------ DATA SEGMENT

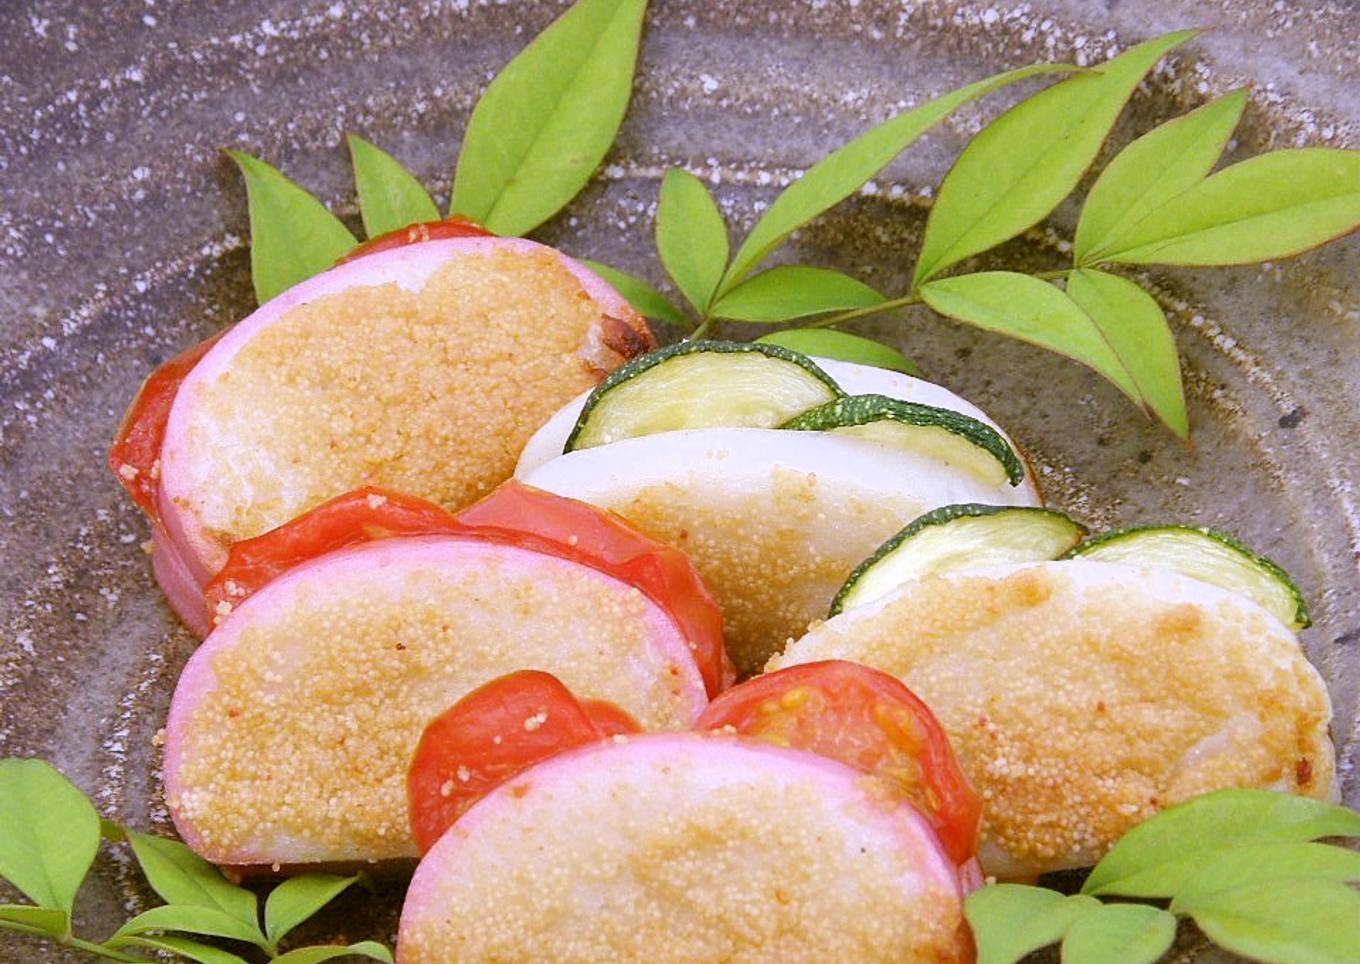 Recipe of Quick Beer Snacks for Father's Day: Toasted Kamaboko Fish
Cakes with Spicy Mentaiko
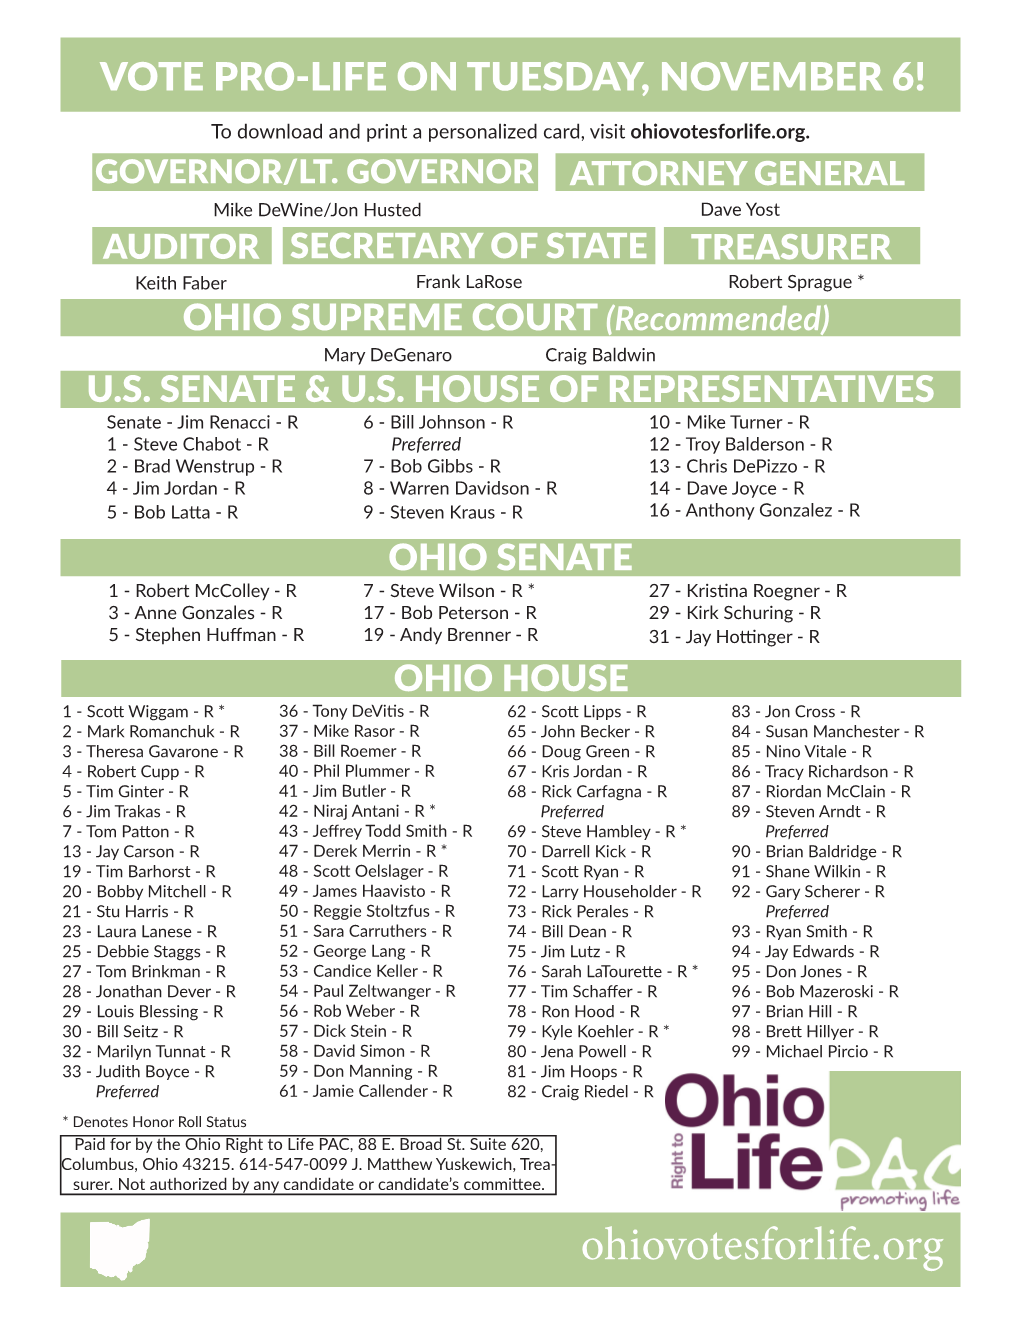 Statewide Endorsements

------------

**WORK ITEM**
Print the data above exactly, minus pictures.

**TASK RESPONSE**
 Recipe of Quick Beer Snacks for Father's Day: Toasted Kamaboko Fish
Cakes with Spicy Mentaiko
 Statewide Endorsements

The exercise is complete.